The color marking is a method we borrow from clinical psychiatry treatment and is a form of art therapy. When a person is very analytical and is alienated from their emotions, they can be asked to use colors to describe how they feel. In doing so, they are able to identify and understand what the feeling is. By being able to identify their feelings, which are the body’s reaction to information, they can begin to build intimacy with their experience in the world, without over-identifying with the information they are confronted with – one premise of anxiety. Instead, they can act autonomously, rather than in a reactionary state of anxiety often encouraged by the demands of most social media and systems of precariousness today.
Color marking has many advantages.
First, it aims to create an intimate illustration of the user's state of mind so that they can be more attentive to their needs, as opposed to a system using a universal measurement to judge whether a user is healthy or not. In this way, we return the power of judgment to users.

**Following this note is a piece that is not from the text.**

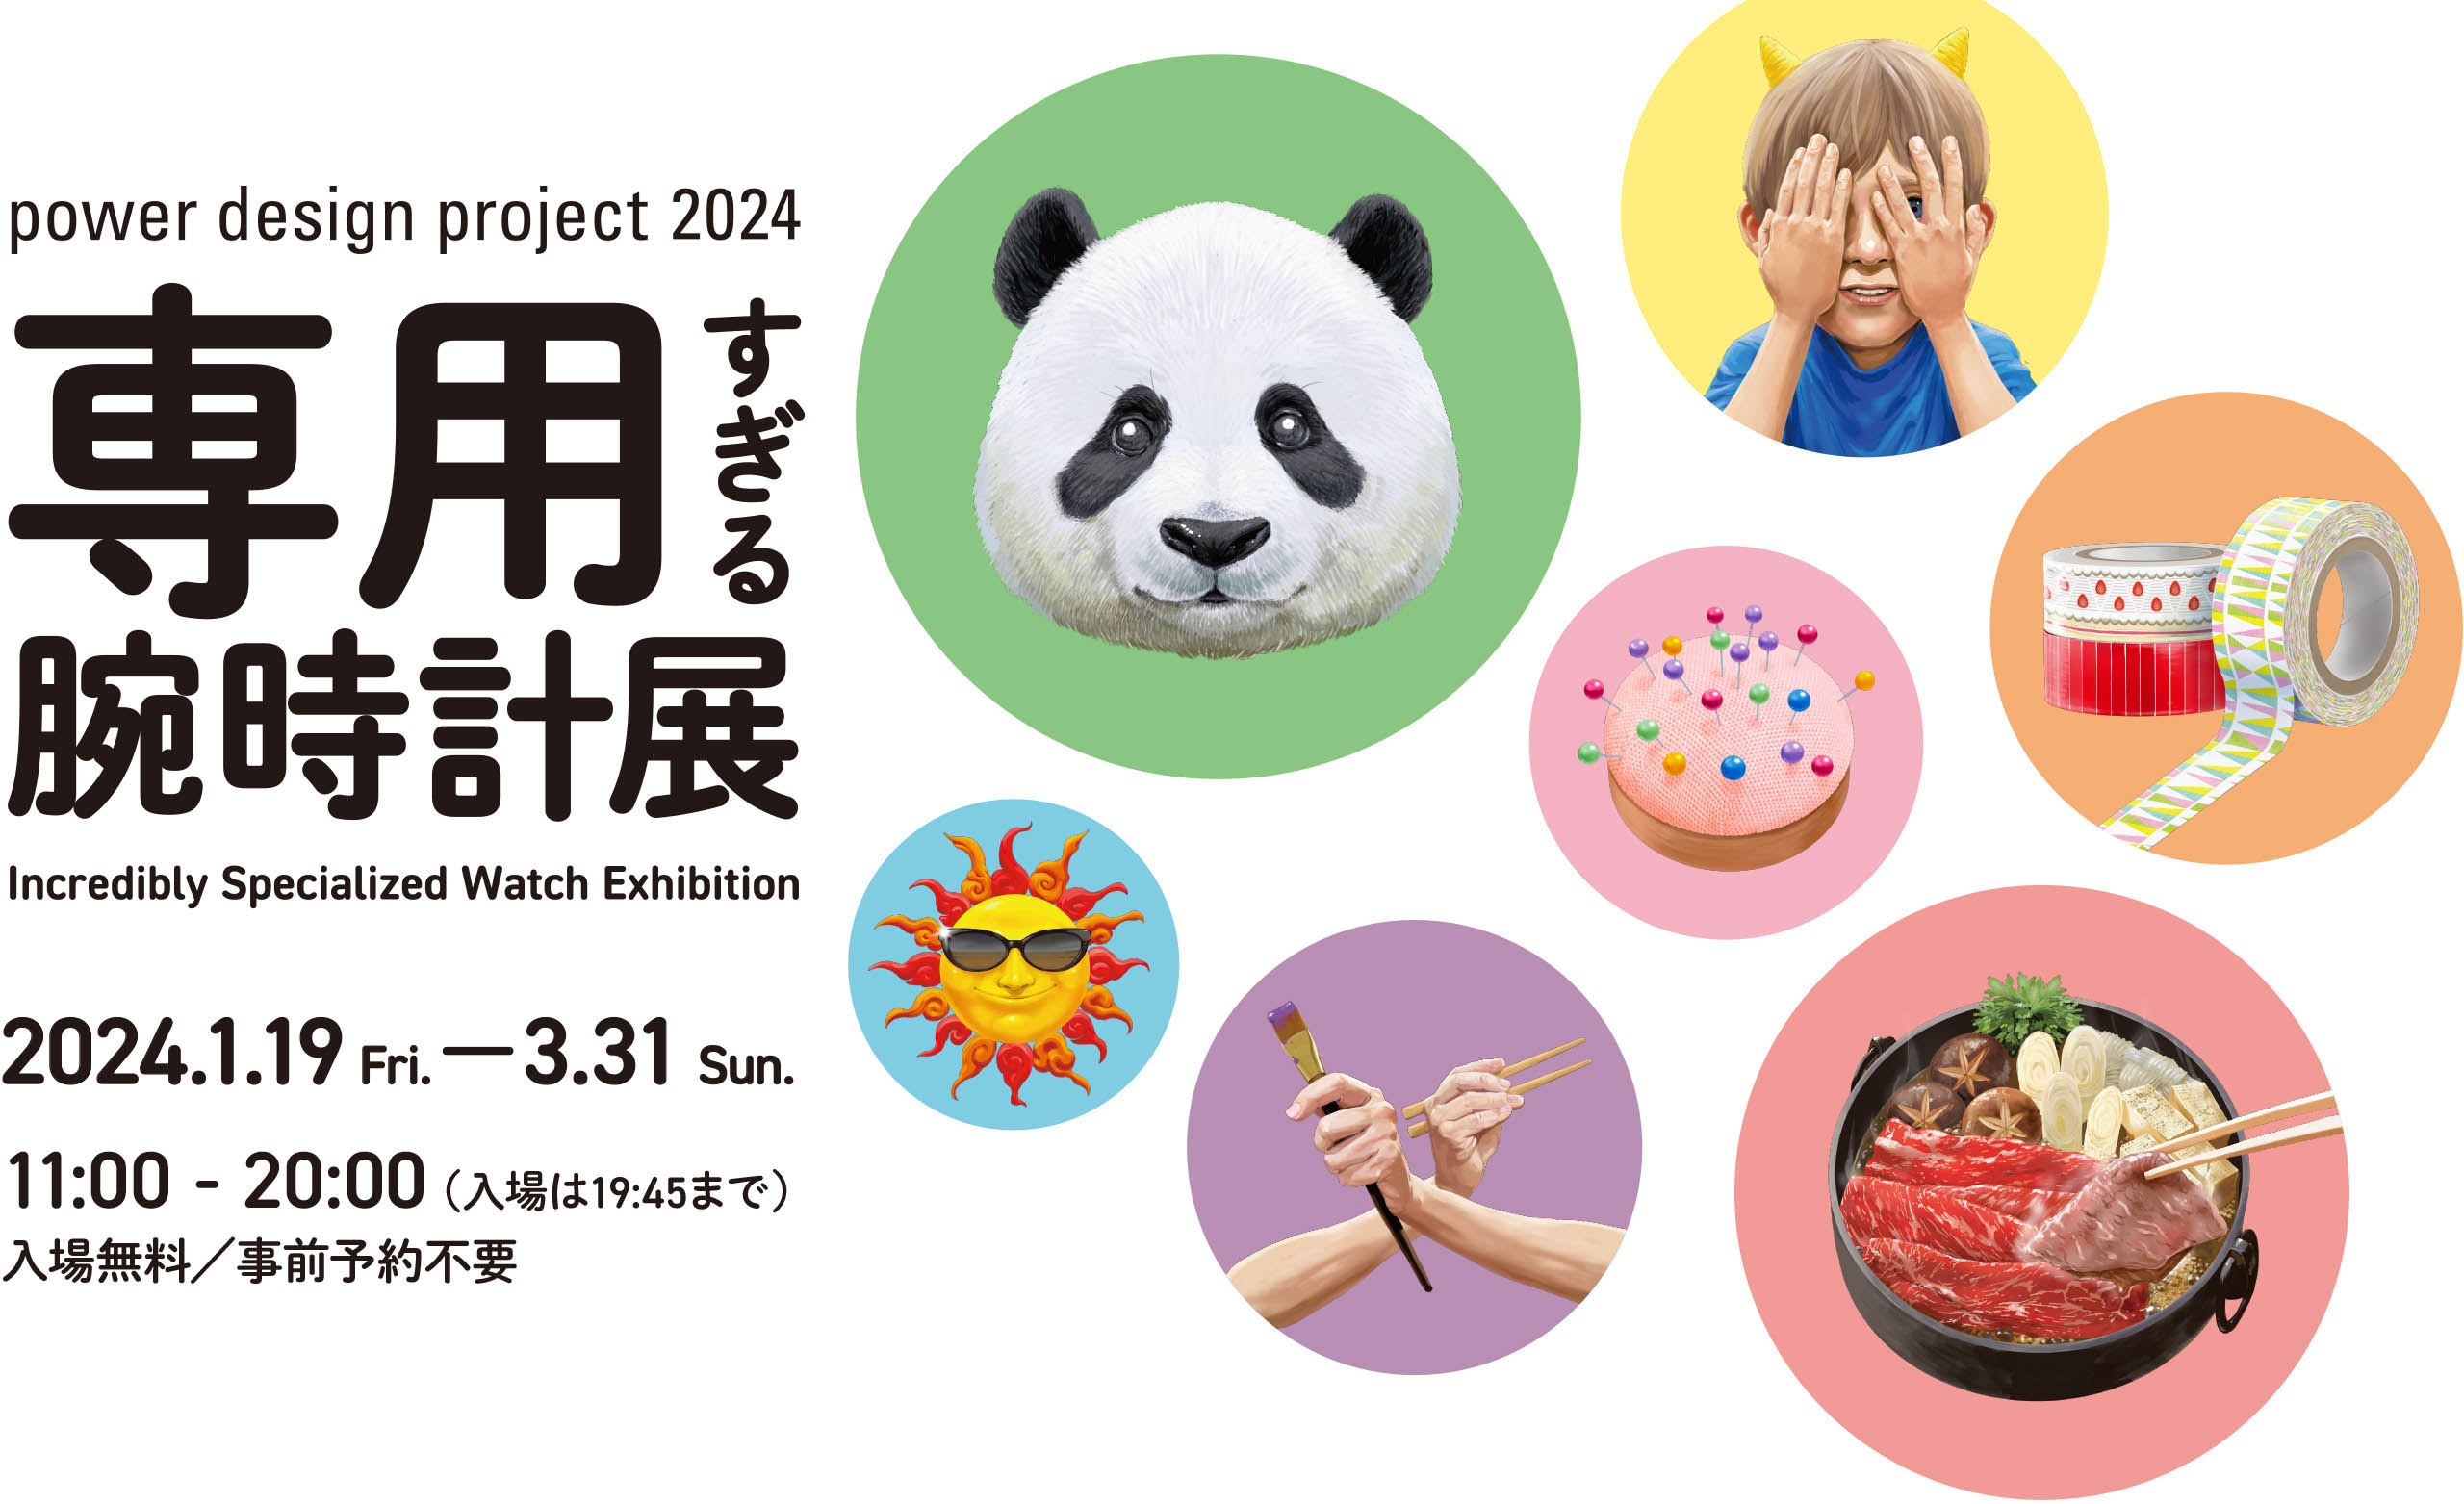 power design project 2024「専用すぎる腕時計展」｜2024.1/19 fri.〜3/31 sun.｜Seiko Seed

Second, color marking helps foster a more caring and open attitude between users during the negotiation process. This is because there is not an immediately legible translation of the base information of the contract - the feelings as color (as opposed to, 5-stars or a thumbs up). Prompting a discussion to listen and learn from each other, the relationship starts from open questions and potentially avoids quick judgments and assumptions.
Third, it supports exploration of a different kind of "encryption" by subjective dataset, in which the data does not have a common key in the backend- i.e., each color has a different meaning to each user. This meaning is not defined by the user in the app. The inconsistent index for the signifier and the signified ([color: yellow] = [any feeling]) makes it impossible for the system to use the data for judgment or prediction. As well, it is a highly inefficient dataset for surveillance. Therefore, theoretically, such a system produces bad data for machines but good data for humans.
Ebbs and Flows of Being, and Being with Others
ReUnion encourages color marking as an ongoing practice of self-awareness and emotional intimacy by user accounts only being able to be made through the creation of a relationship with oneself in the form of a contract - the base unit for all users and system design.
With these two axes of our first design iteration, we attempt to challenge the simplified and linear view of the current social media platforms, regarding our relationships. We attempt to design different points of abstraction, i.e. asking for subjective and temporal data that only communicates within the present relationship (such as subjective color marks and self-estimated time measurement), as opposed to collecting universal behavioral data from the users. By doing so, we hope to create a digital environment that views interpersonal relationships as fluid, multifaceted and subjective.